Eightfold's AI model is "assistive … but it does not reject an applicant, he said. "Importantly, the model is only one part of the system: Match Scores are driven by how employers define their job requirements and criteria, and the AI evaluates alignment against those inputs."
Eightfold's model is trained on large, diverse datasets that reflect skills, experience and job-related attributes, the company spokesman said. "Like all modern AI systems, our model learns patterns from historical data, but they are explicitly designed not to replicate past bias. We apply anonymization, rigorous fairness testing, bias mitigation techniques, and continuous monitoring to ensure outcomes are independent of protected characteristics, and our technology is used to support human decision-making — not replace it. Responsible AI and fairness are foundational to how Eightfold builds and deploys its models."
The company provides tools like candidate masking, which hides personally identifiable information such as name or gender, according to the company spokesman. "This ensures recruiters focus on candidates' qualifications when making hiring decisions."
The company also undergoes regular internal and external bias testing, including independent third-party bias audits such as those required by NYC Local Law 144, the spokesman said. It conducts disparate-impact analysis to measure whether the system's results are significantly different for one group versus another.
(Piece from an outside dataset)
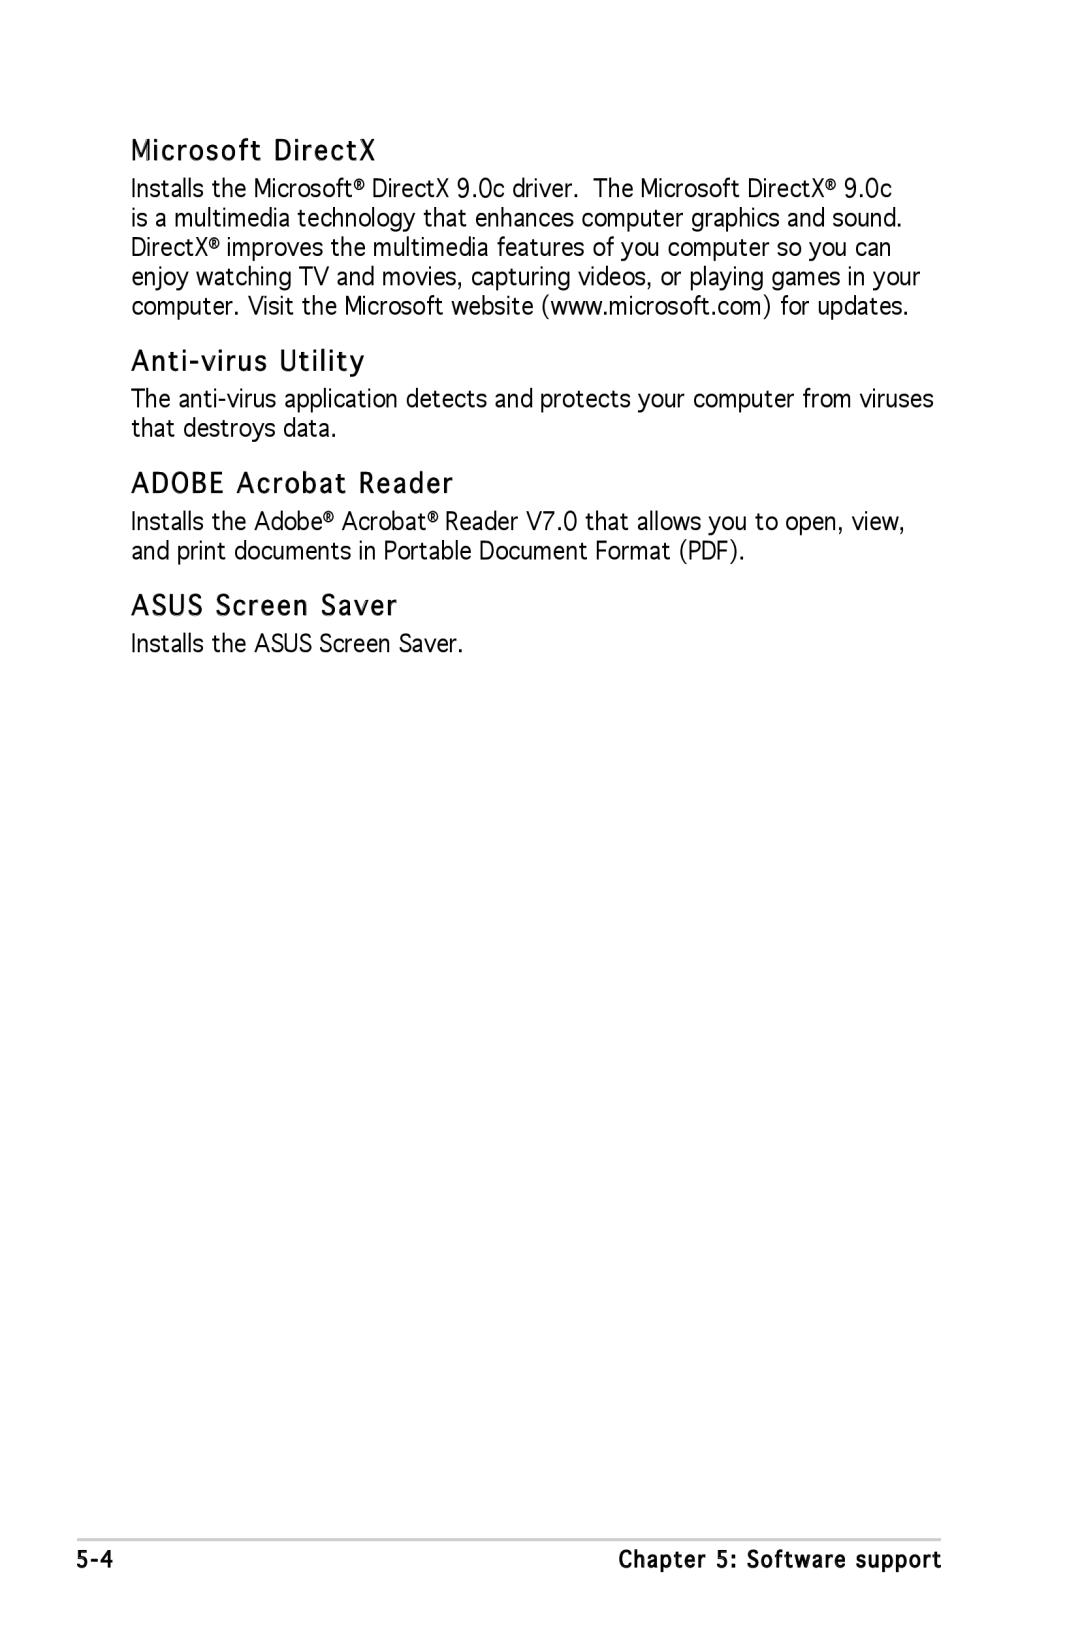 Asus A8N-SLI SE manual Microsoft DirectX, Anti -virus Utility, ADOBE Acrobat Reader, ASUS Screen Saver

And it does equalized odds checks to validate that the model's accuracy is consistent across different demographic groups.
Kistler didn't want to speculate about the reason she's received so many auto-rejections, but Dempsey noted that the plaintiffs in the case are both women who have STEM backgrounds, are qualified for the jobs they have been applying for, and keep getting denied.
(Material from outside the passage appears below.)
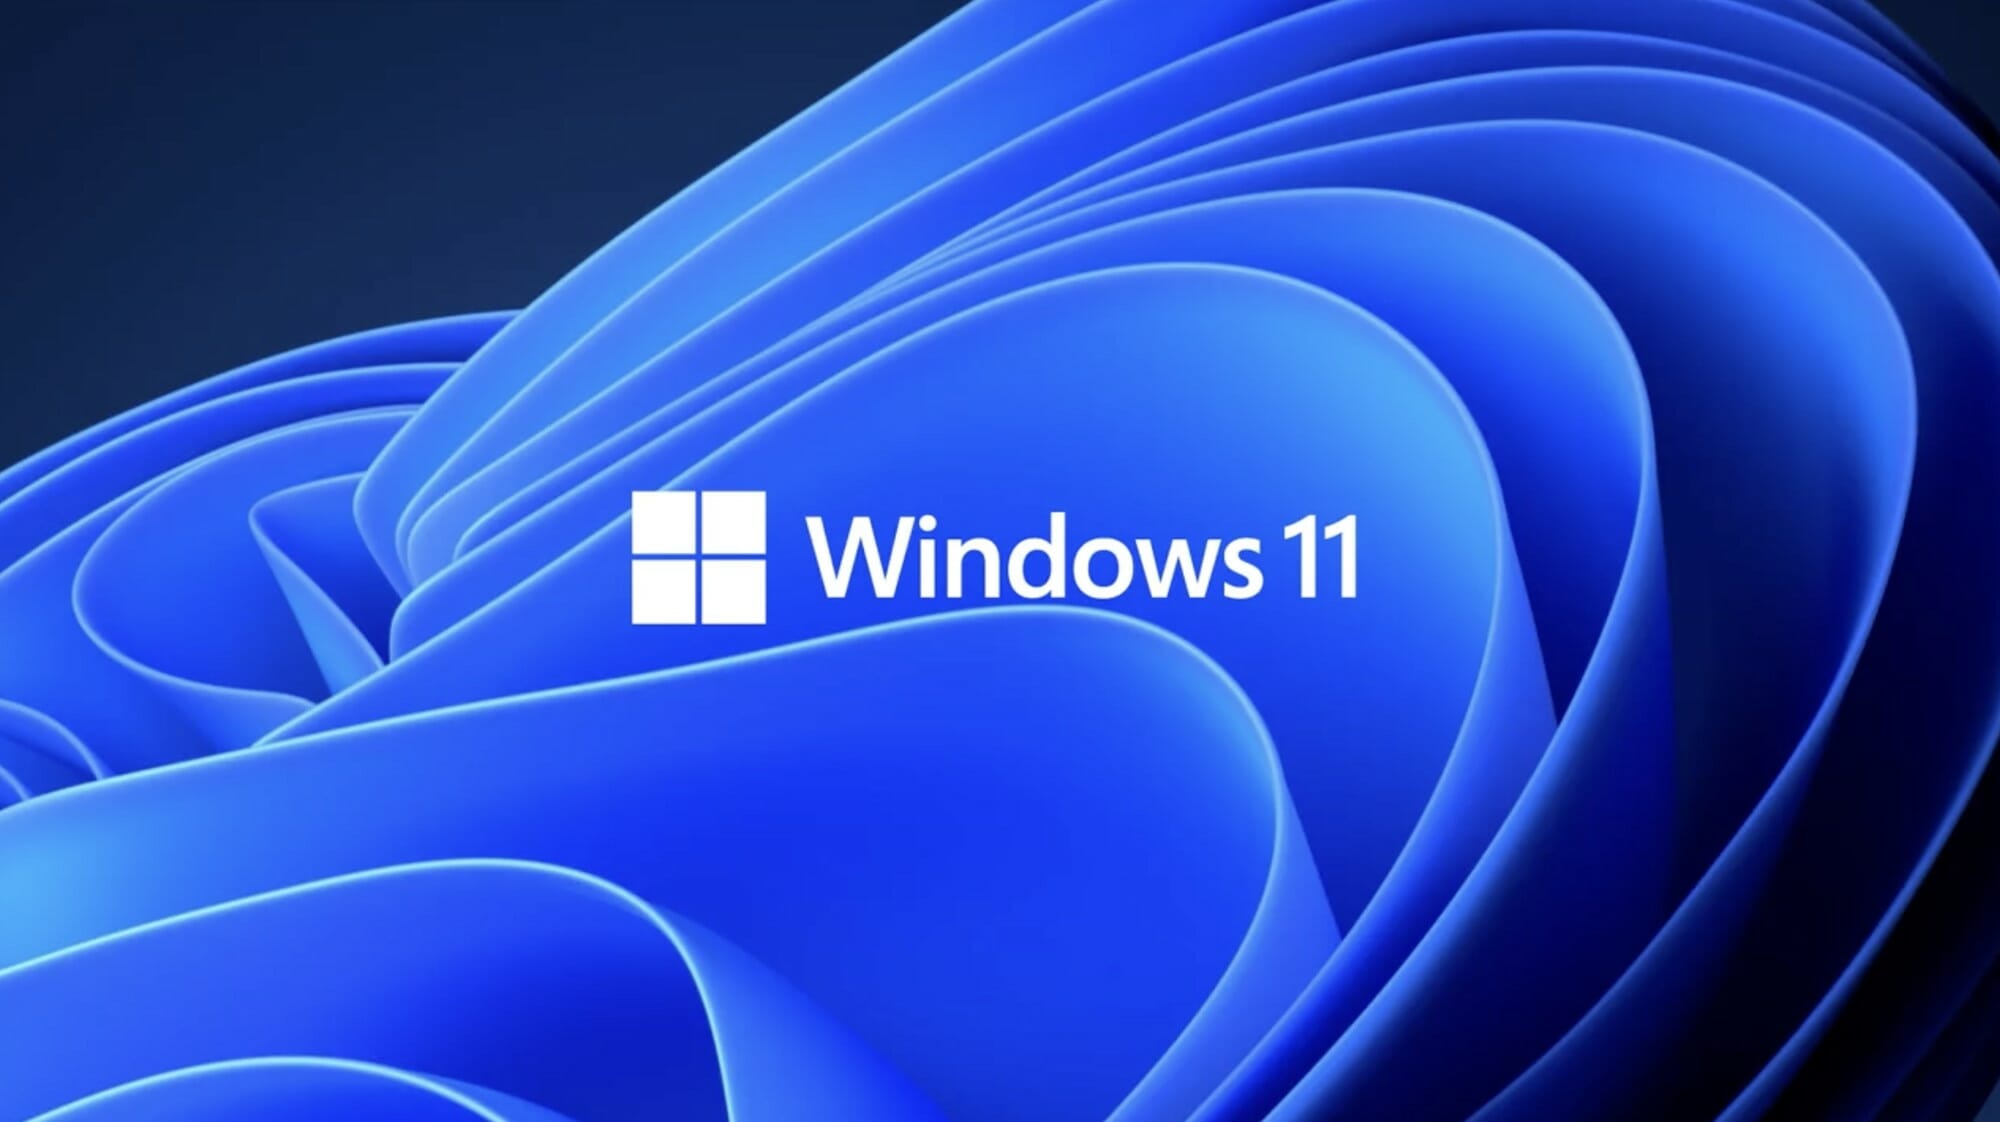 How to apply custom wallpapers on virtual desktops in Windows 11

"They're both eager to get a job, eager to work, eager to share and develop their skills, and they're just being boxed out, and they don't know why, and I think that's really painful," Dempsey said. "These AI job screening tools are a big part of why."
A Contra Costa, California, superior court will need to work out whether Eightfold has violated any laws. Meanwhile, the frustration that people feel when they are rejected for a job by an automated system is real, whether an AI model is involved or not.
As one industry observer noted, "Those in their 20s are increasingly wary of AI, deepfakes etc., and find the black box of the job-application process disheartening and dehumanizing."